- Dolynske Location of Dolynske in Zaporizhzhia Oblast Dolynske Dolynske (Zaporizhzhia Oblast)
- Coordinates: 47°47′16″N 34°56′35″E﻿ / ﻿47.78778°N 34.94306°E
- Country: Ukraine
- Oblast: Zaporizhzhia Oblast
- District: Zaporizhzhia Raion
- Council: Dolynske Rural Council
- Founded: 1809

Area
- • Total: 98.17 km^{2} (37.90 sq mi)
- Elevation: 97 m (318 ft)

Population (2001)
- • Total: 690
- • Density: 7.0/km^{2} (18/sq mi)
- Time zone: UTC+2 (EET)
- • Summer (DST): UTC+3 (EEST)
- Postal code: 70420
- Area code: +380 612
- Climate: Dfa
- Website: http://rada.gov.ua/

= Dolynske, Zaporizhzhia Raion, Zaporizhzhia Oblast =

Dolynske (Долинське; Долинское) is a village (a selo) in the Zaporizhzhia Raion (district) of Zaporizhzhia Oblast in southern Ukraine.
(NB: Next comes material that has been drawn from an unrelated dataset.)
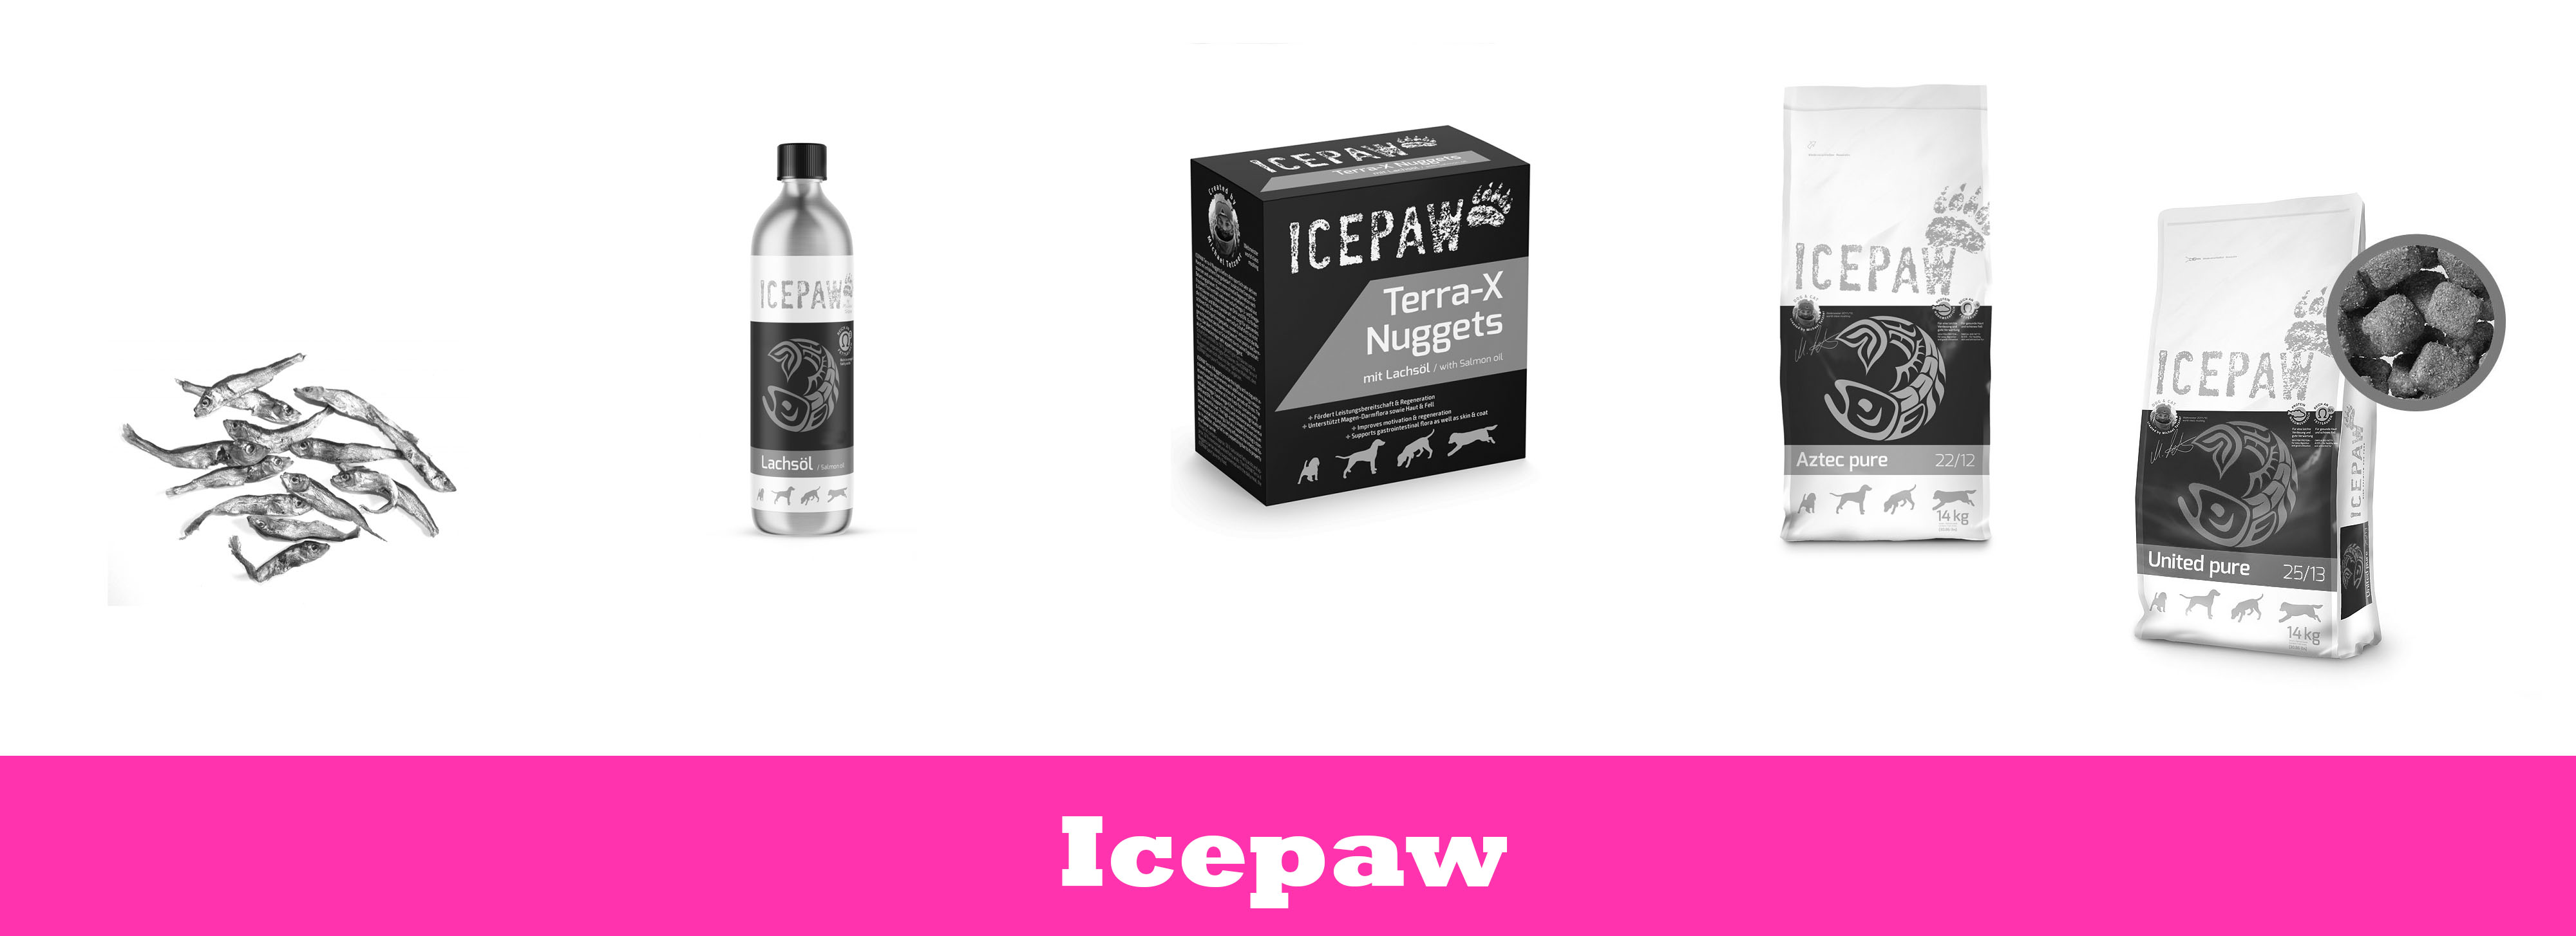 Icepaw

Its population was 690 in the 2001 Ukrainian Census. Dolynske is the administrative center of the Dolynske Rural Council, a local government area.

The village was first founded in 1809 as Kronstal or Kronsthal (Кронсталь) by German-speaking Mennonites settling the Chortitza Colony. In 1892, its name was changed to Pavlivka (Павлівка, Павловка). Since 1963, the village is known as Dolynske.